Officials Target Cause of 'Mystery' Disease

Virus Suspected in Outbreak of Pneumonia-Like Illness

A woman wears a gas mask as she walks outside Hong Kong's Prince of Wales hospital.

A woman wears a gas mask as she walks outside Hong Kong's Prince of Wales hospital, where patients diagnosed with a mysterious pneumonia-like disease are treated. Reuters hide caption

itoggle caption Reuters

The Facts on SARS

A new form of pneumonia has spread around the world over the past month. Here is what health officials know so far about the disease, called Severe Acute Respiratory Syndrome, or SARS:

Symptoms: Fever, cough, shortness of breath or difficulty breathing.

Cause: Evidence suggests a virus is the cause.

Incubation: Symptoms start showing about 2 to 7 days after a person is infected.

Cases: More than 260 suspected cases and nine deaths have been reported in China, Singapore, Thailand, Vietnam, Germany, the United States, the United Kingdom and Canada.

How it's spread: Through close or direct contact.

Health officials advise anyone with the above symptoms to seek treatment, and let doctors know if they've traveled recently.

Sources: CDC, WHO

An outbreak of a new type of pneumonia known as Severe Acute Respiratory Syndrome, or SARS, is on its way to containment, at least outside of Asia, according to the World Health Organization. Meanwhile, scientists have found evidence that a virus is possibly the cause of the disease. NPR's Patricia Neighmond reports.

Microbiologists in Hong Kong and Germany used powerful electron microscopes to hunt for unusual organisms in samples from SARS patients. The researchers say a virus similar in shape to viruses that cause measles and mumps may be the cause. It's known as a paramyxovirus. But the Centers for Disease Control and Prevention in Atlanta caution more work needs to be done to determine if the virus is responsible.

So far, the World Health Organization has identified more than 260 suspected SARS cases, and nine people have died. Symptoms of the disease include a sudden high fever, a dry cough and difficulty breathing. Most of those infected live in Southeast Asia, have recently traveled there or live with someone who recently traveled there.

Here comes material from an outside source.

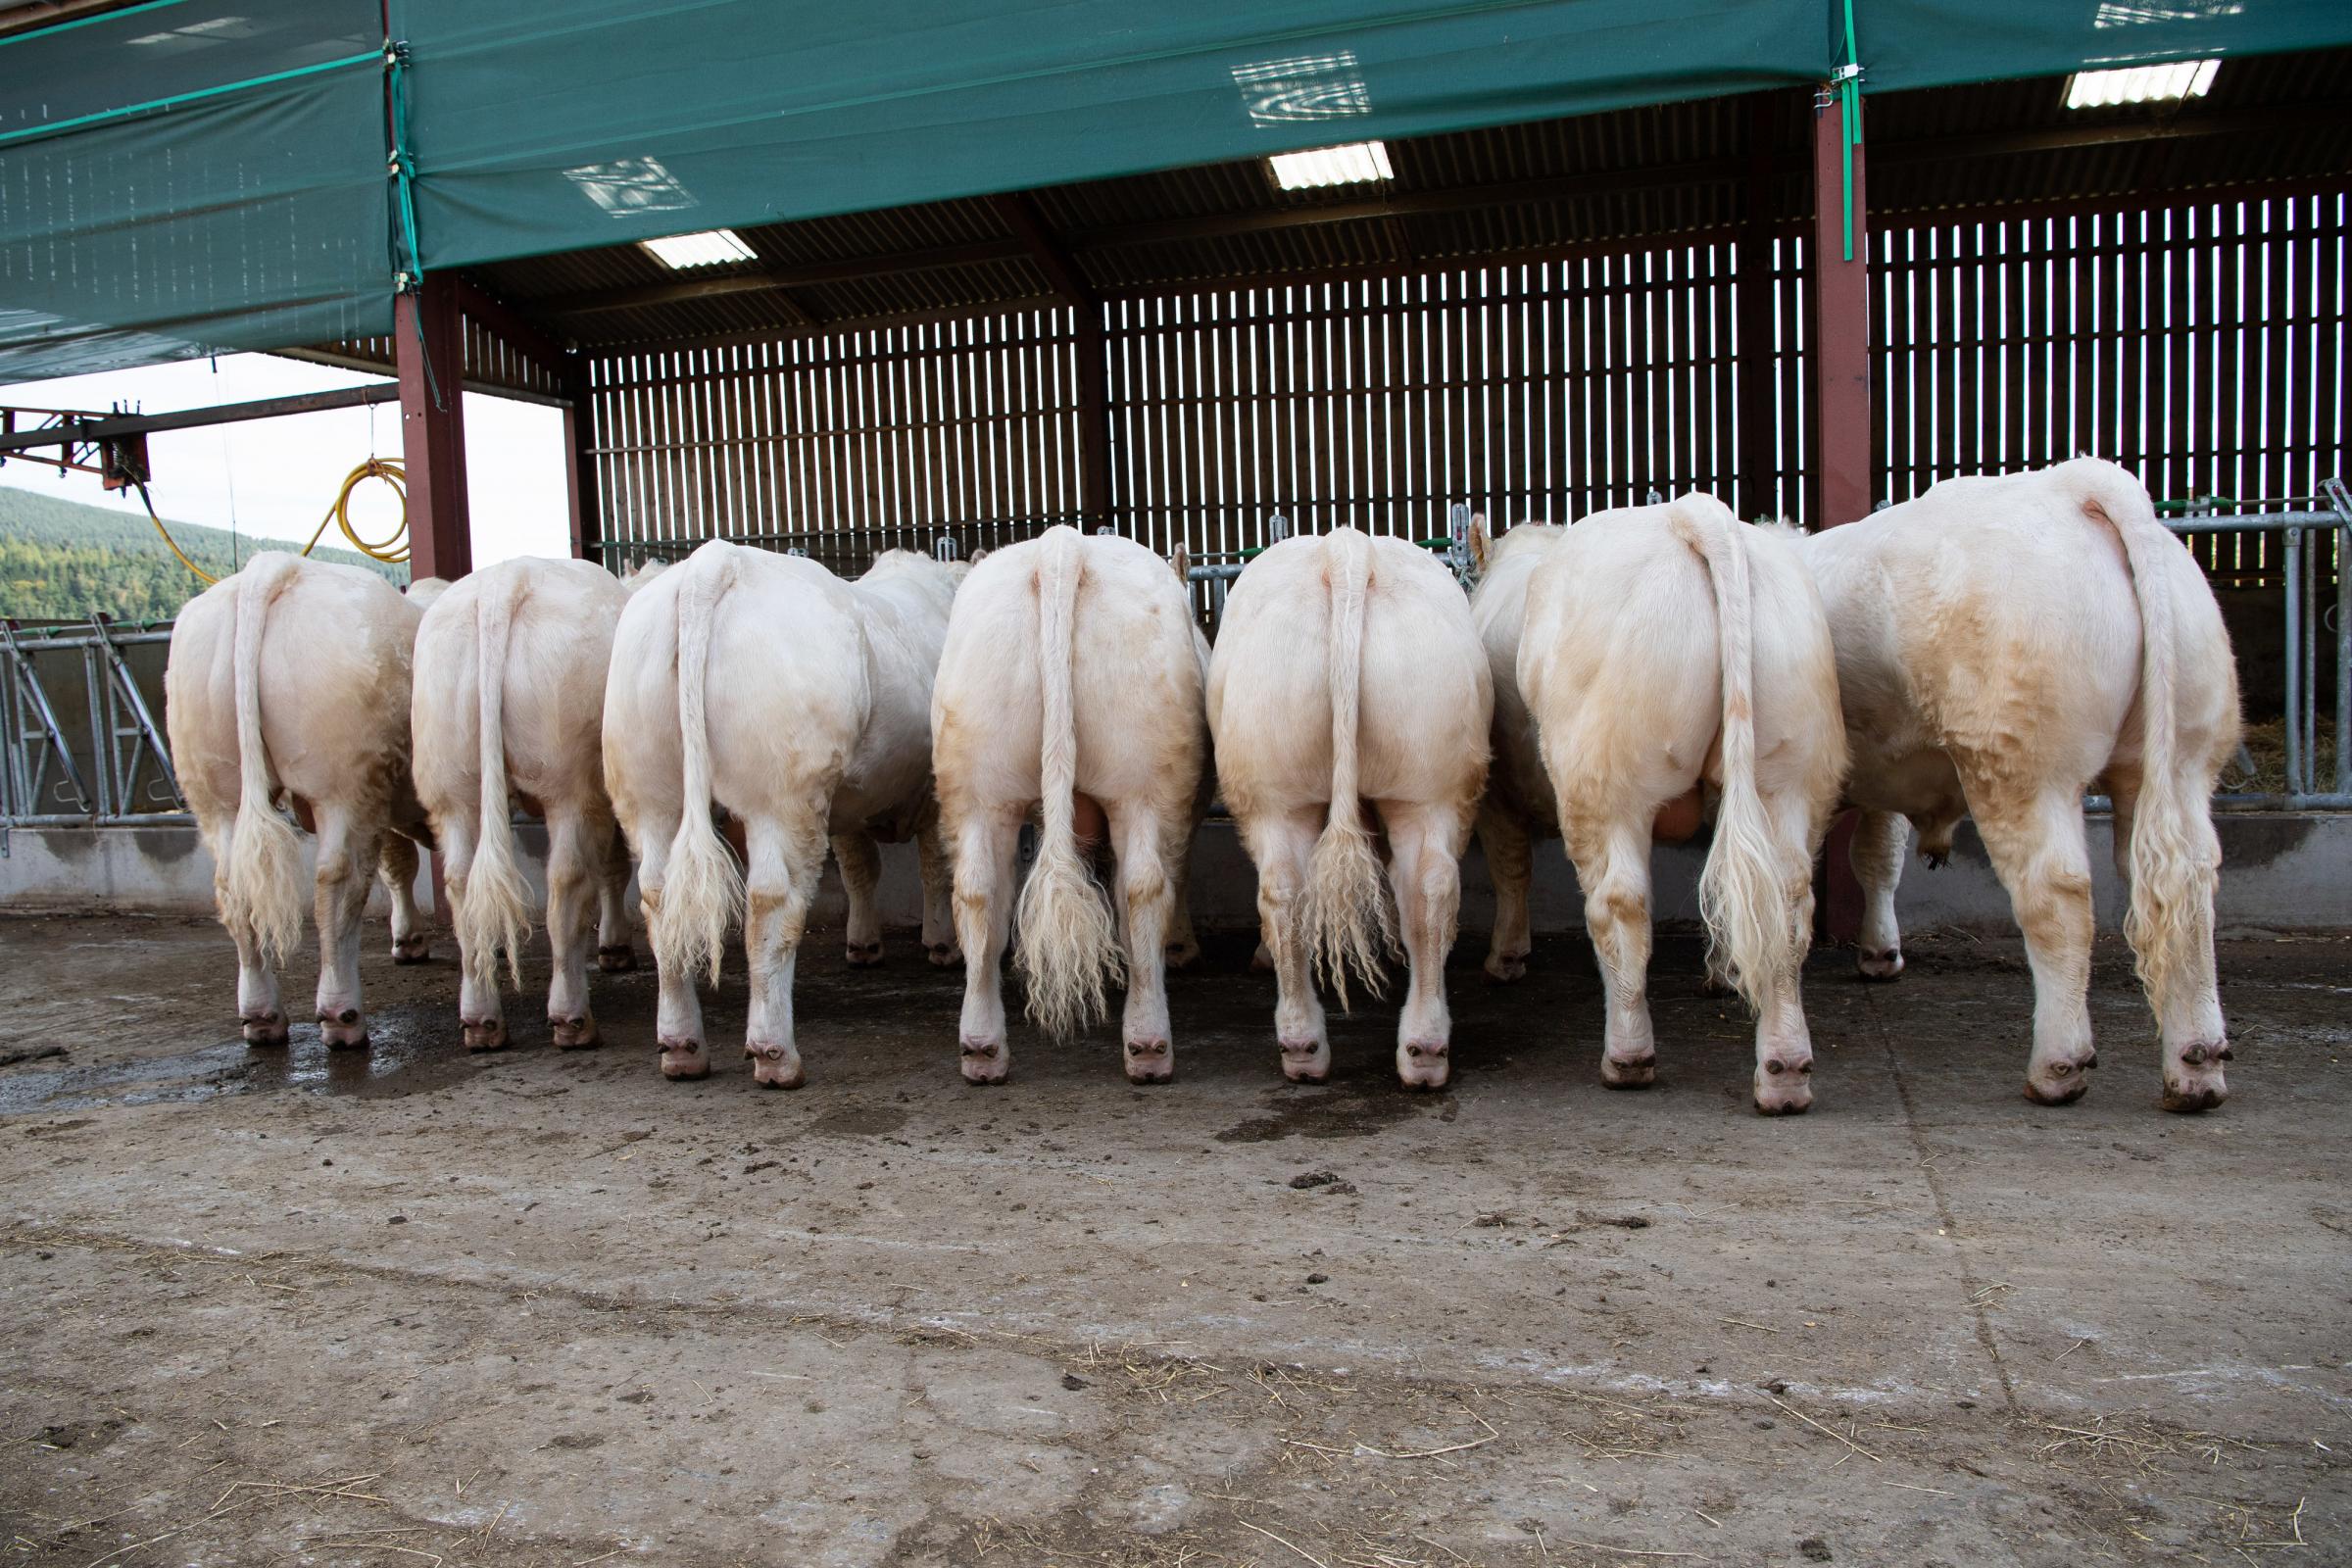 2020 batch of Glenernan bulls for sale (L-R) RUNAROUND, ROMAN, ROMEO, ROLO, RAMBO, ROD and ROCKET. Rocket is for sale privately and the rest are bound for Stirling Ref:RH240921083 Rob Haining / The Scottish Farmer...

The World Health Organization's Dr. David Heyman says the global alert sent out nearly a week ago has worked remarkably well to help contain the outbreak. He says new cases continue to surface, but country health officials are isolating them properly and staving off further transmission.

In the United States, federal officials have identified 11 possible cases of SARS. Labs at the CDC are analyzing specimens.

Although there are no definitive answers about the disease yet, health officials worldwide agree: SARS is likely a naturally occurring outbreak not an intentional bio-terrorist act.